Everyone Brave is Forgiven

~ ~ ~

Dear Reader:

I am thrilled to present you with an early copy of Everyone Brave is Forgiven by Chris Cleave.

In this magnificent novel, Chris has created unforgettable characters and put them in unforgiving circumstances — just as he did in Little Bee.

Everyone Brave is Forgiven begins in London in 1939, at the declaration of war, when a posh young socialite named Mary impetuously volunteers. Assigned a role teaching, Mary has barely memorized her students’ names before they’re evacuated to the countryside. But then some children return. The deformed, the disabled, the nonwhites. Mary fills her London classroom with a handful of children who were not welcomed into the homes of their countrymen even as the bombs begin to fall.

Mary’s relationship with a young black American boy named Zachary and her romantic entanglements — with her middle-class boss, Tom, and then with Tom’s debonair roommate, Alistair, who returns from the battlefront a haunted man — fuel the plot of this page-turner. As the war rages on, these characters endure everyday horrors and small serendipities in equal parts.

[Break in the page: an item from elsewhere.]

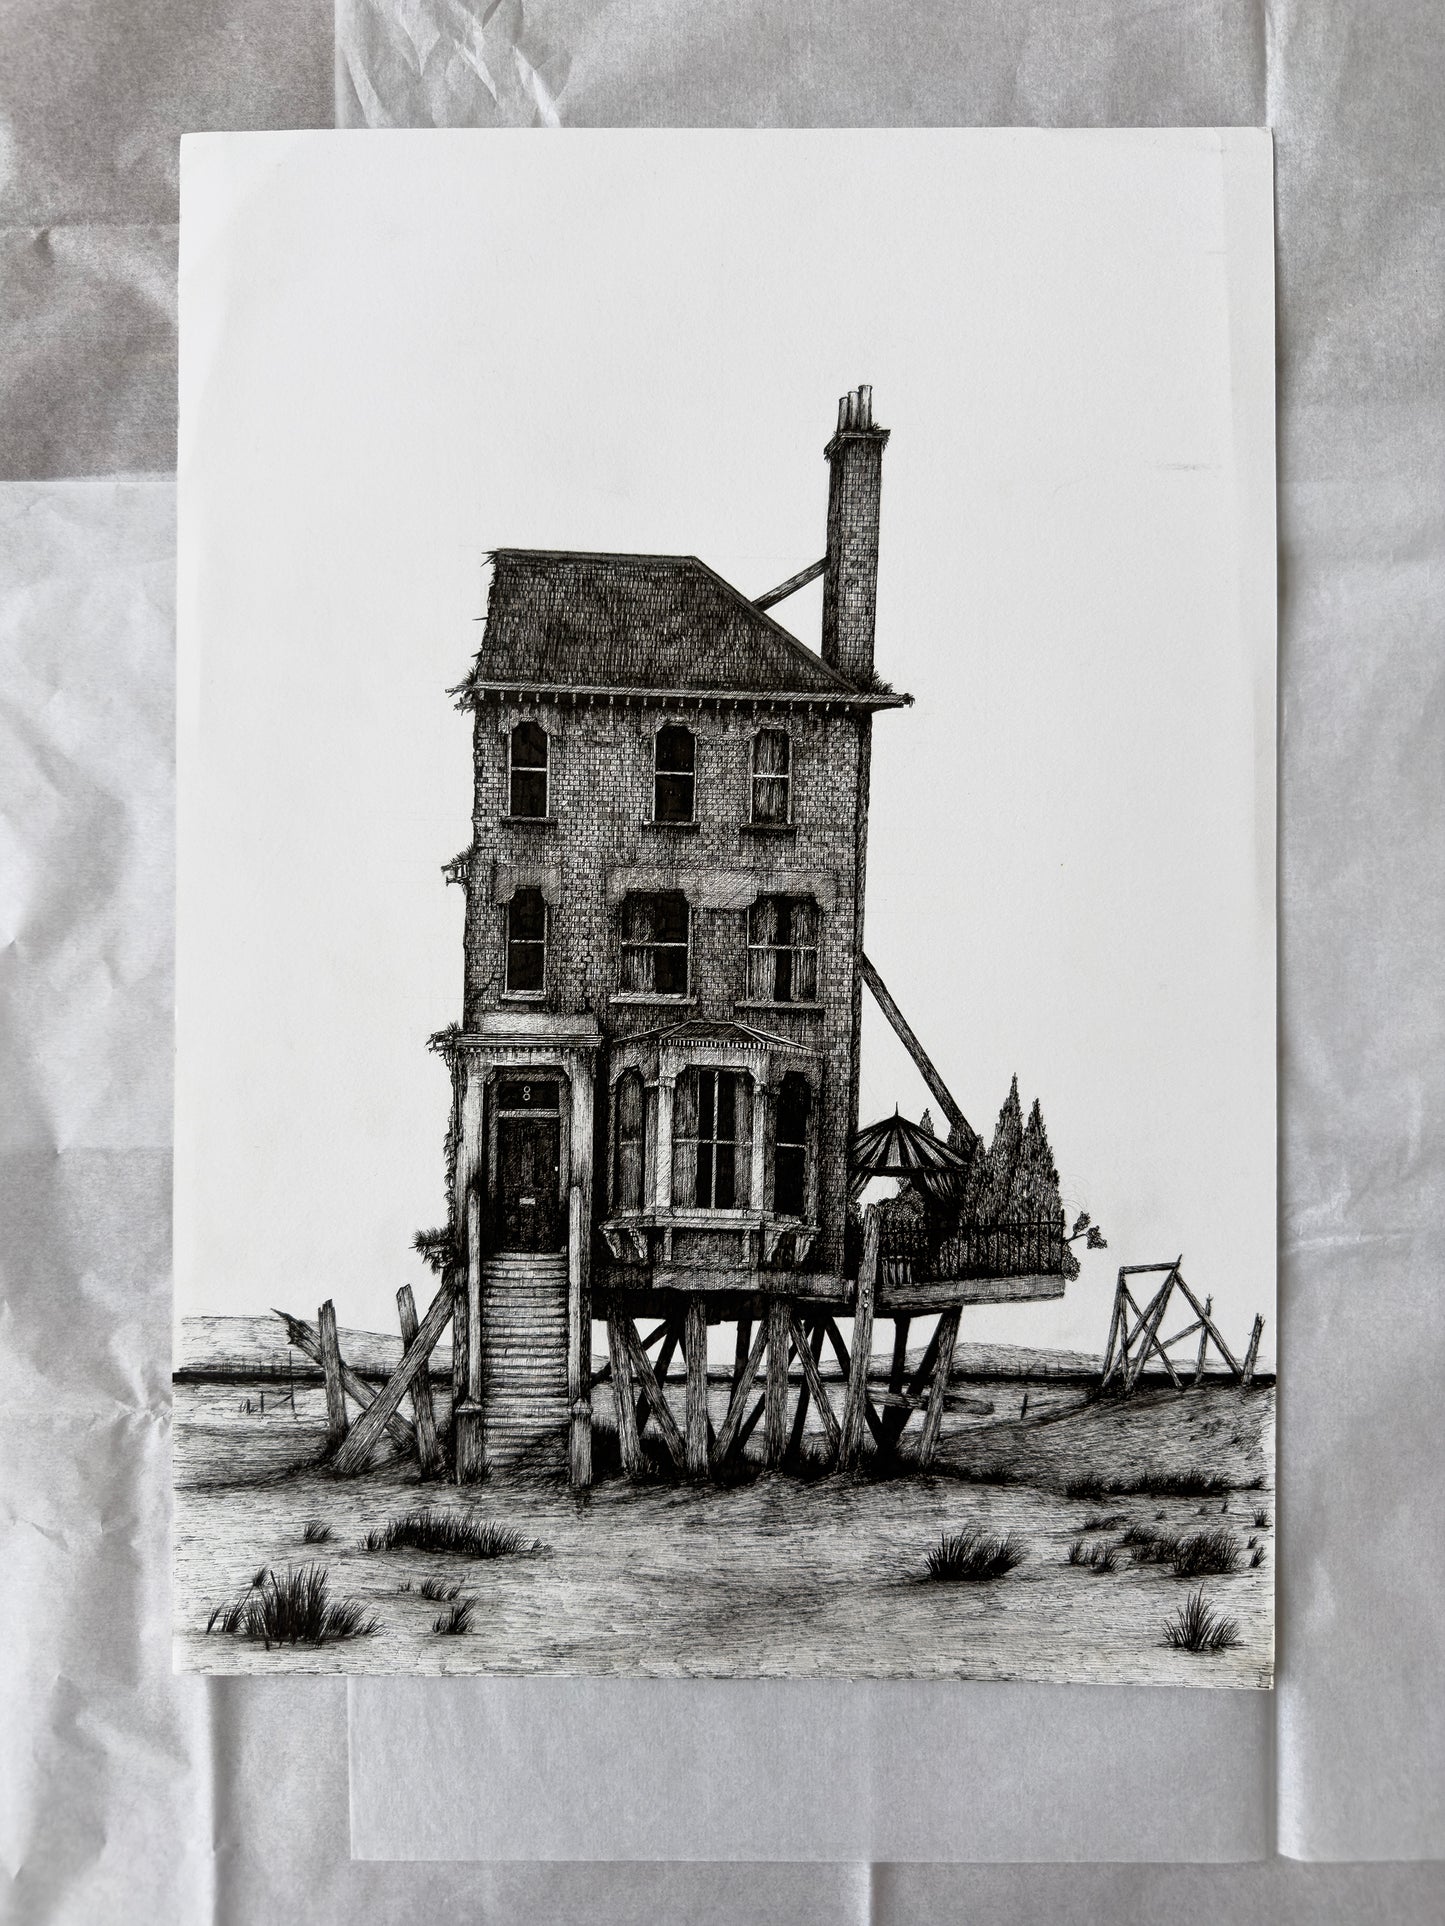 Estuary house (Original A3 Drawing)
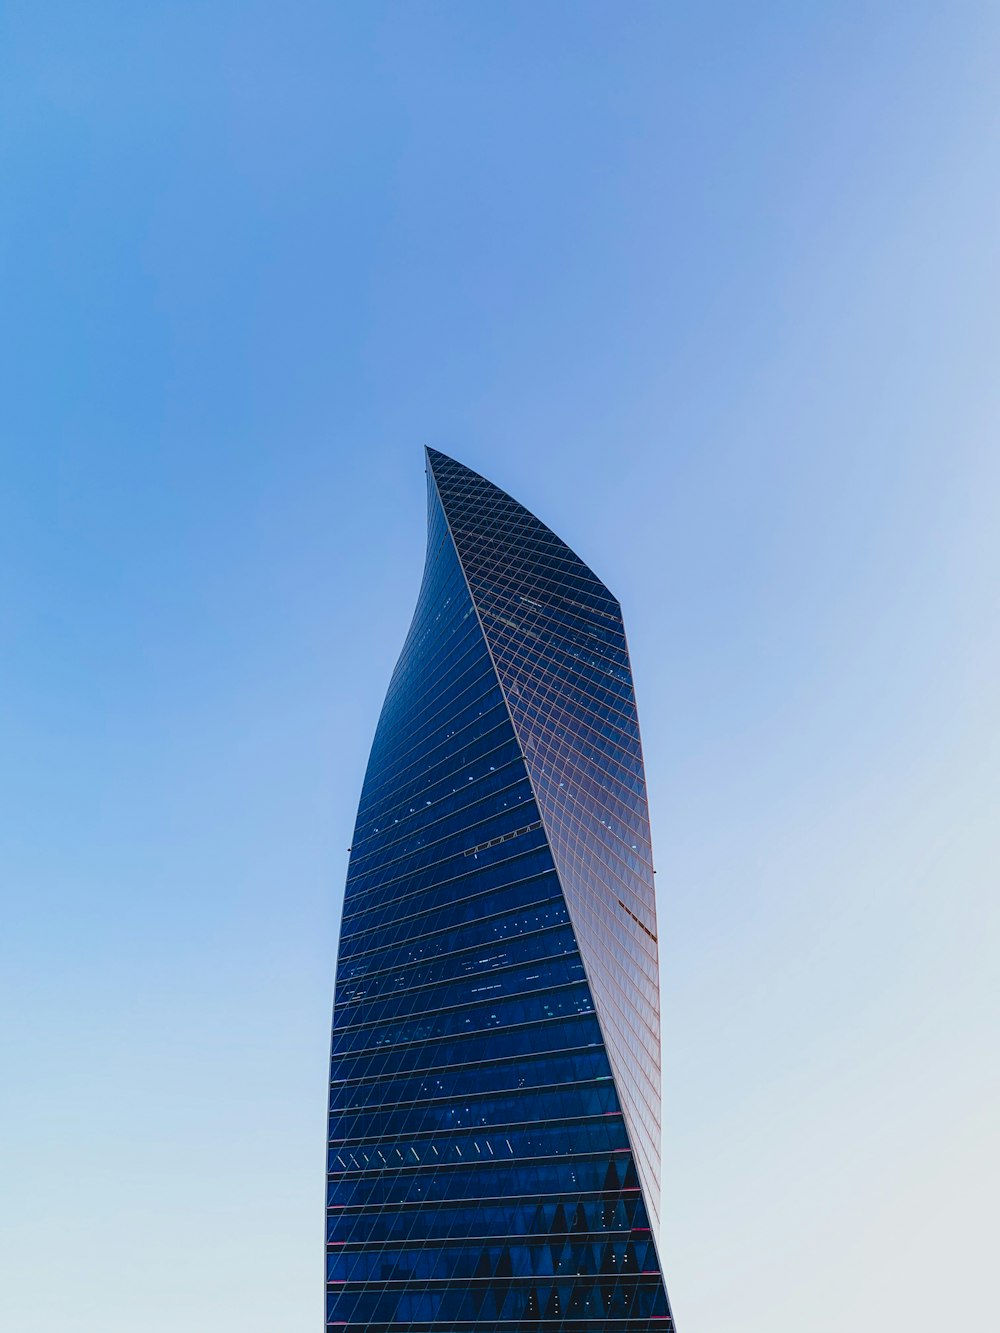 grattacieli neri e grigi sotto il cielo blu durante il giorno

As with any Cleave novel, as you read you will laugh and you will cry, and you will find yourself immersed in a story that feels palpably real and important. I couldn’t be more excited to share this novel with you. Thank you in advance — I can’t wait to hear what you think.

Best,

Marysue Rucci

Vice President and Editor-in-Chief

Simon & Schuster, Inc.

1230 Avenue of the Americas

New York, NY 10020

Voice 212 698 1234 Fax 212 698 7453

marysue.rucci@simonandschuster.com

~ ~ ~

Dear Reader:

One day during the harrowing siege of Malta my maternal grandfather, Captain Hill of the Royal Artillery, was assigned to mind Randolph Churchill, the brilliant but dissipated son of the British Prime Minister. “Look after him, David,” said the Major General who conferred this extraordinary duty, “and if at all possible keep him out of trouble.”

The novel began with me wondering what that instruction meant, exactly. The Axis had maintained a two-year stranglehold on the island of Malta, reducing garrison and islanders alike to a state of advanced starvation. Into this theatre poor Randolph was parachuted, groggy and overweight. It was hot and he wanted to go swimming, so my grandfather took him to the beach the officers used, where a thin strip had been left between the mines and the barbed wire entanglements.

Randolph was visiting Malta to recruit for the fledgling SAS. The prospect on offer to the starving officers was hard to refuse: full rations and a ticket off the island, in exchange for becoming a commando. Having helped Randolph to shop this deal around, my grandfather felt it would be churlish not to volunteer himself, and was later dropped behind enemy lines in North Africa.

Randolph was known to be fantastically brave, prone to strolling through gunfire to deliver orders. On Malta he might cheerfully get himself killed or — much worse — captured. In the pivotal phase of World War II, the Prime Minister’s son would have made a hostage of some significance. My grandfather had been issued with a good education, a Webley Mk IV revolver and a delightfully ambiguous order.

This novel, then, started out as a sort of stage play exploring the power dynamic between the two men. Yet in the end Randolph was the wrong central character. I found that I was more interested in my grandfather — a man who was brave despite his handicap of finding life full of opportunities to tell funny stories and build ice yachts and read Charlie & The Chocolate Factory to his grandchildren. In the novel something of Randolph found its way into the character of Simonson, but I leave the man himself — a great man in his way — to his excellent biographers.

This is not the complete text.